Work to complete »
Copy out the data word for word, without any of its pictures.

Data extract »
*** Block opens ***
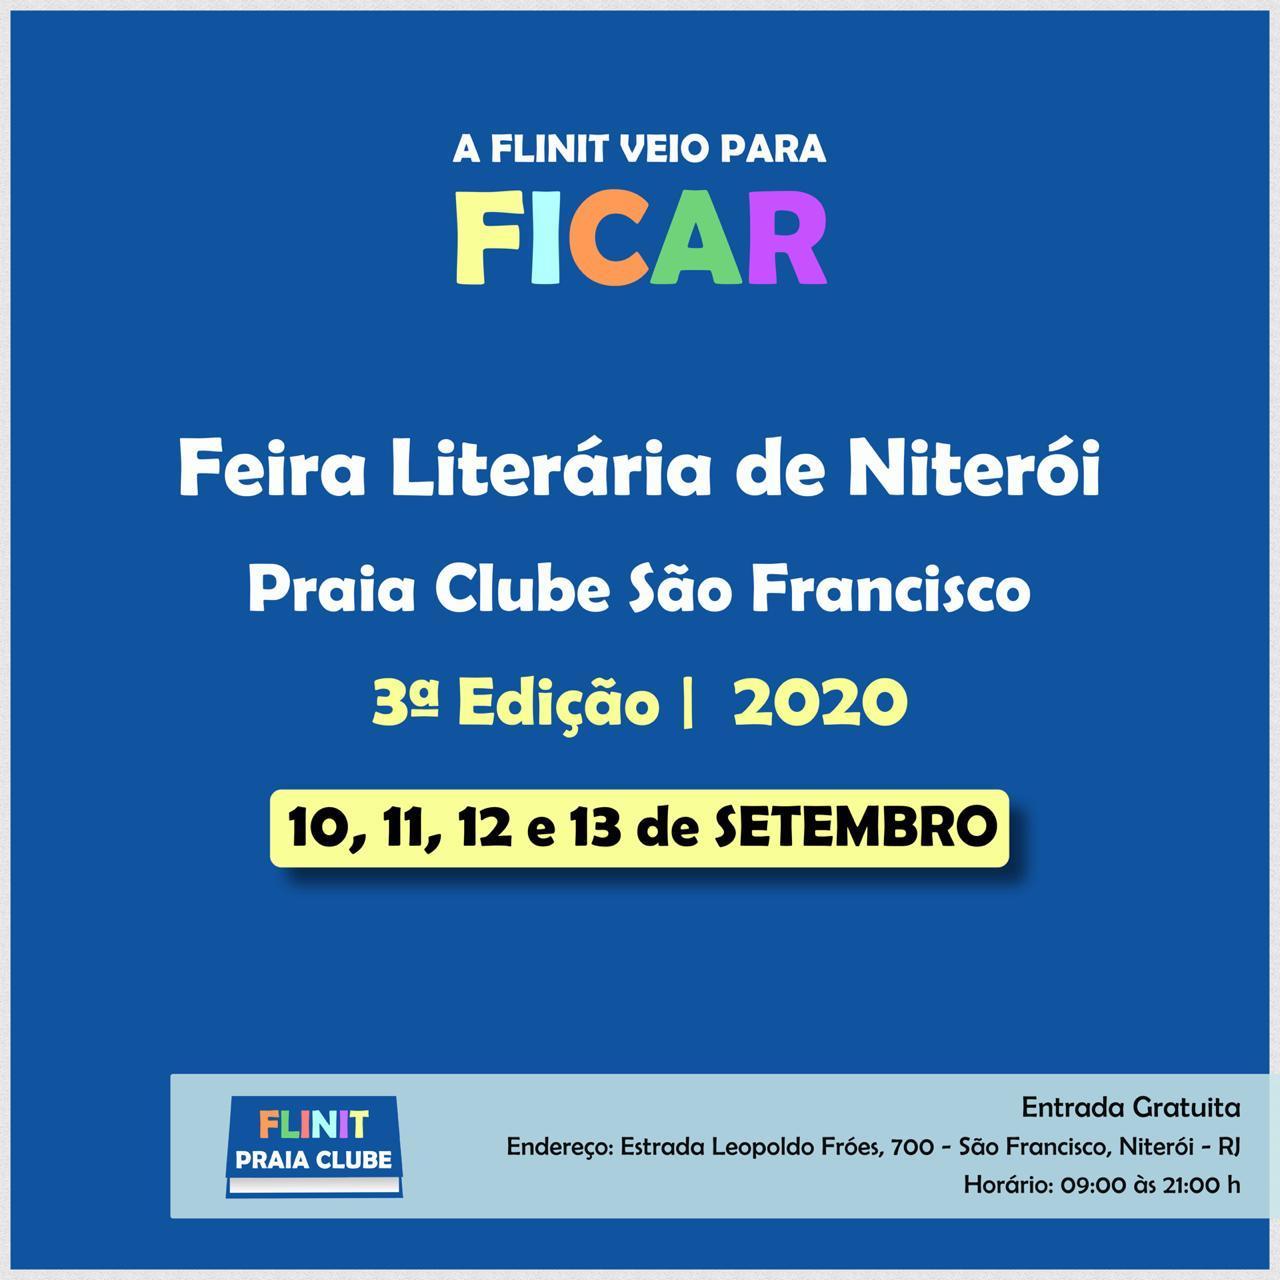 Feira Literária de Niterói Praia Clube São Francisco
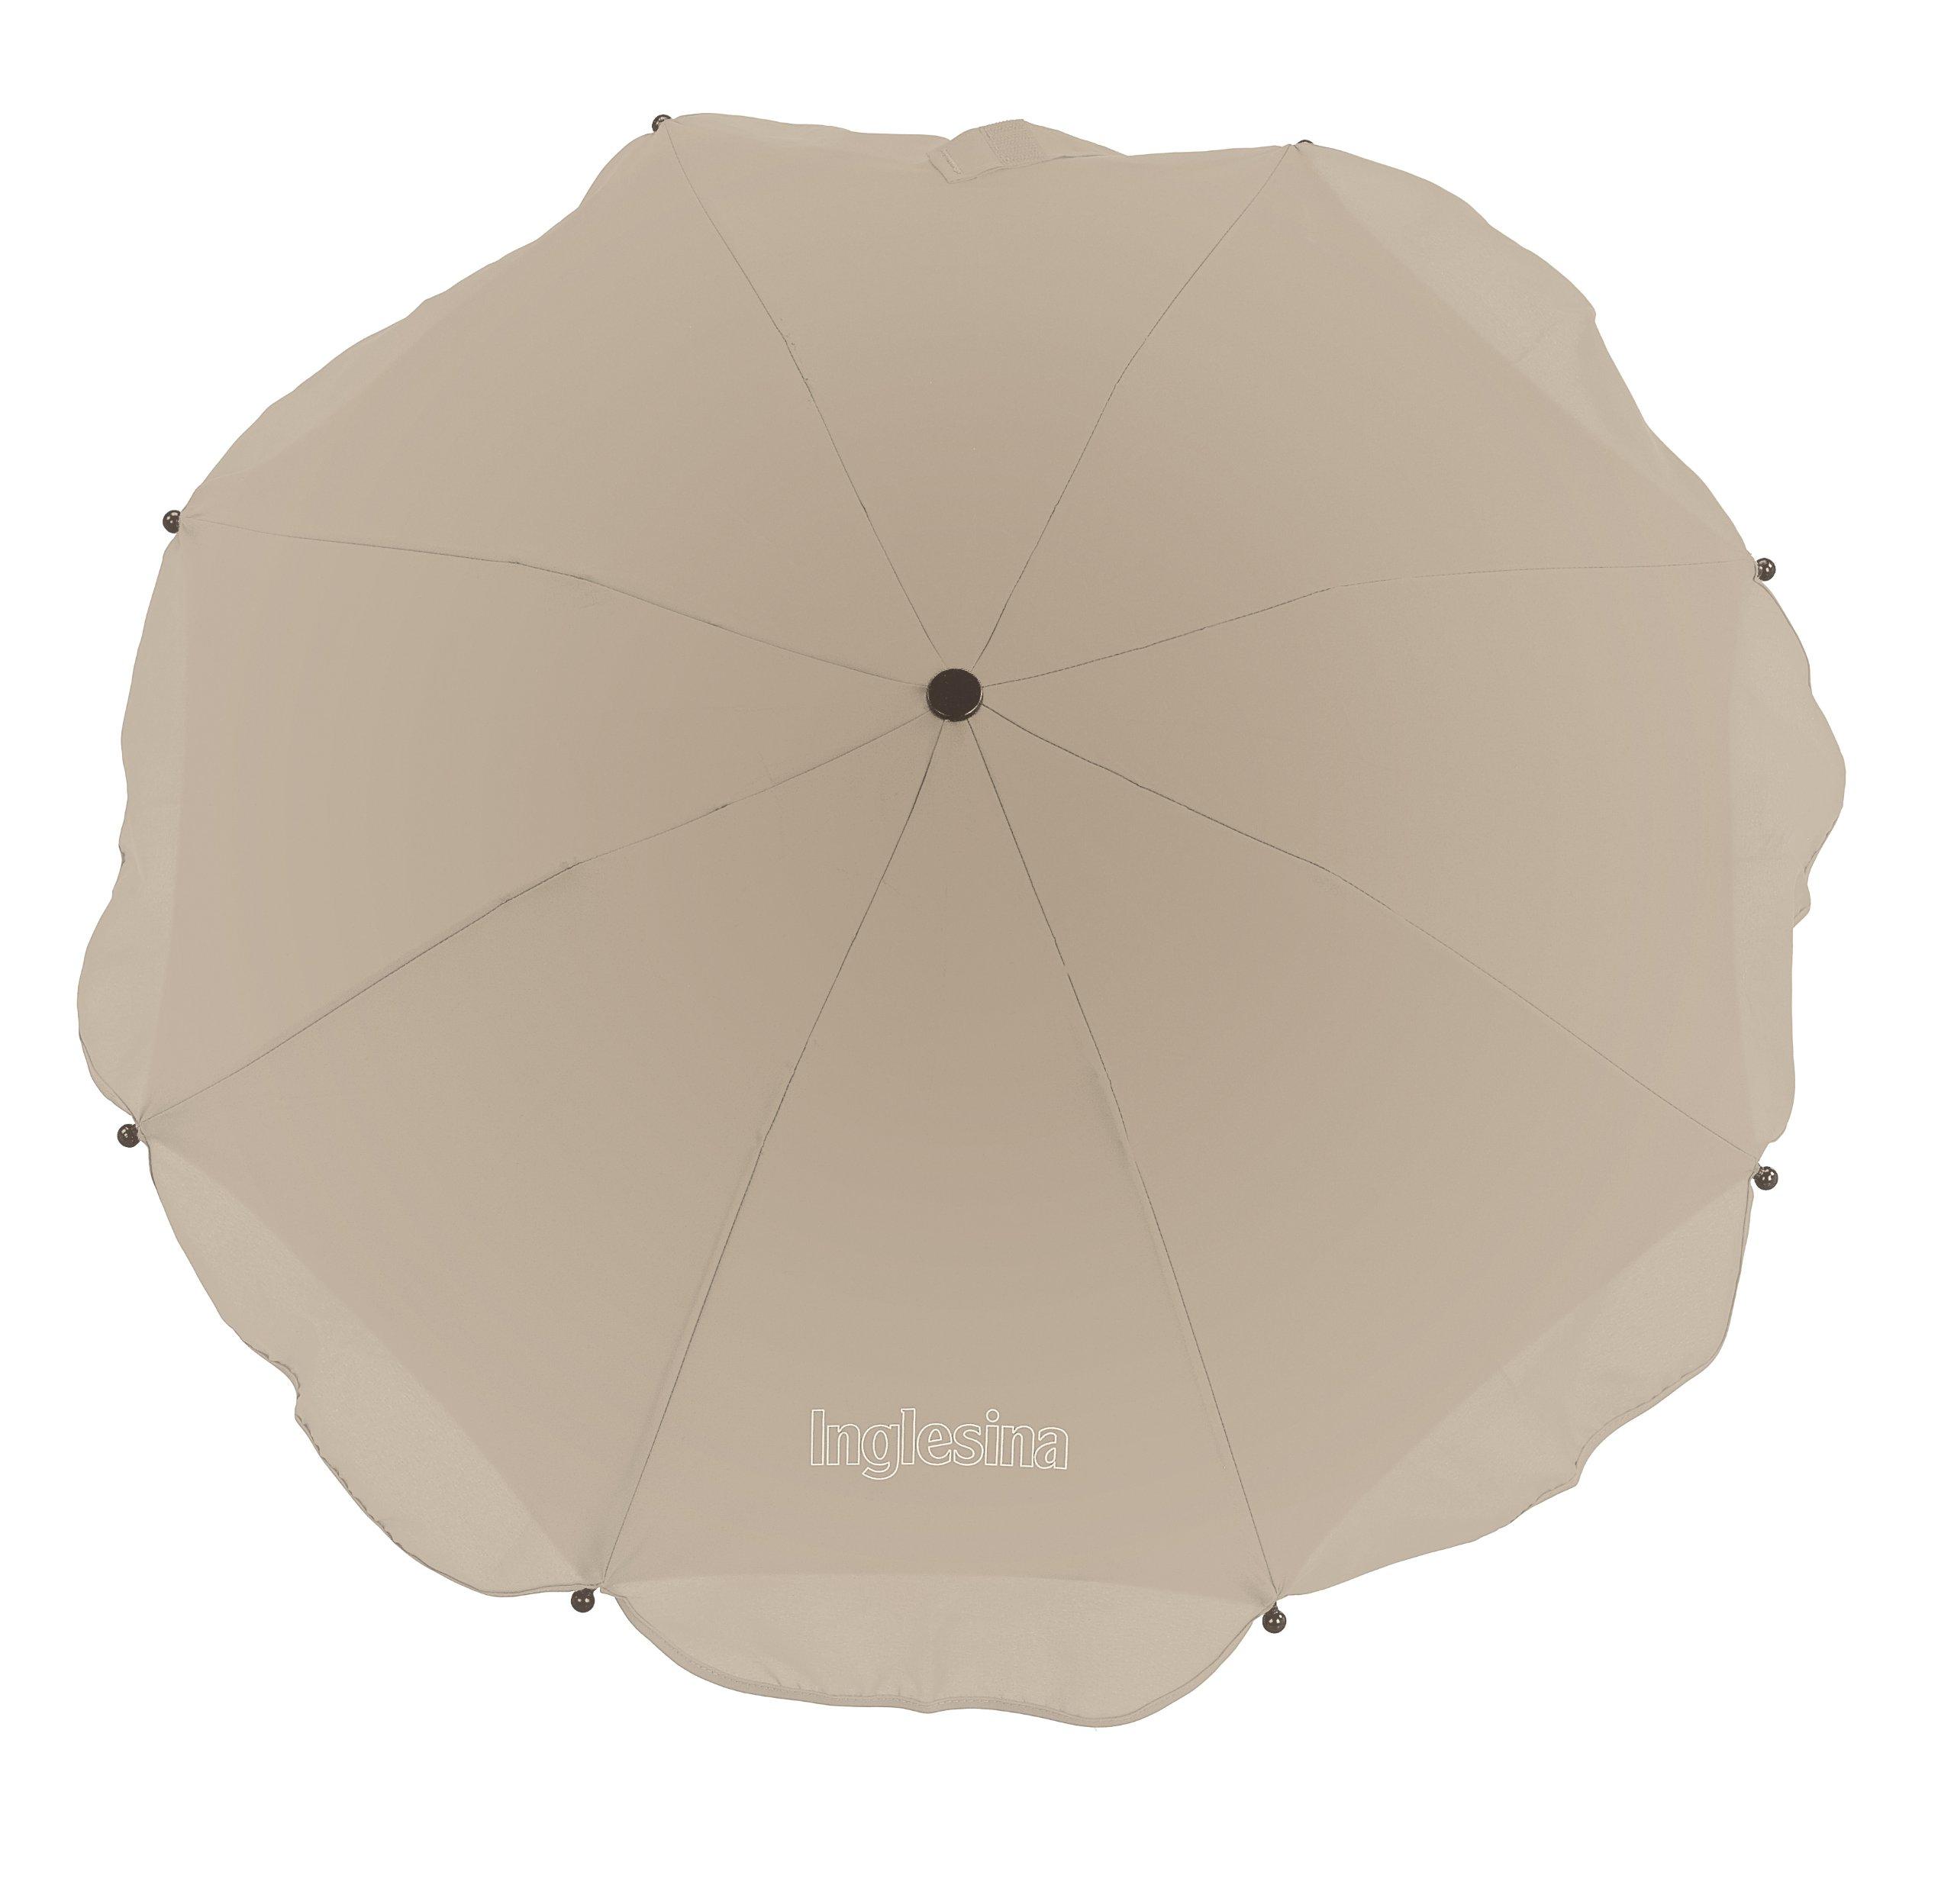 Inglesina Universal Stroller Umbrella Parasol, Cream
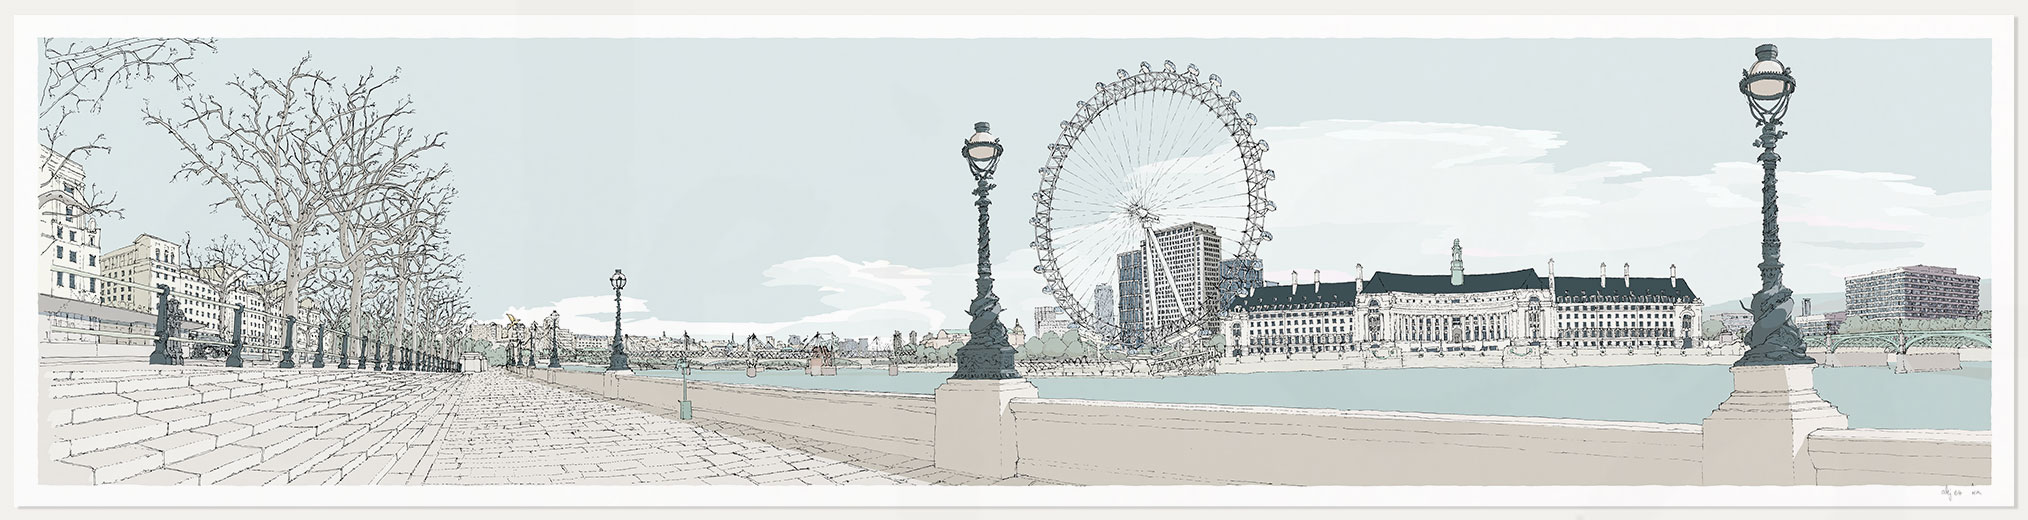 print named London River Thames by Westminster Bridge Pebble Beach by artist alej ez
*** Block closes ***
Answer to the exercise »
 Feira Literária de Niterói Praia Clube São Francisco
 Inglesina Universal Stroller Umbrella Parasol, Cream
 print named London River Thames by Westminster Bridge Pebble Beach by artist alej ez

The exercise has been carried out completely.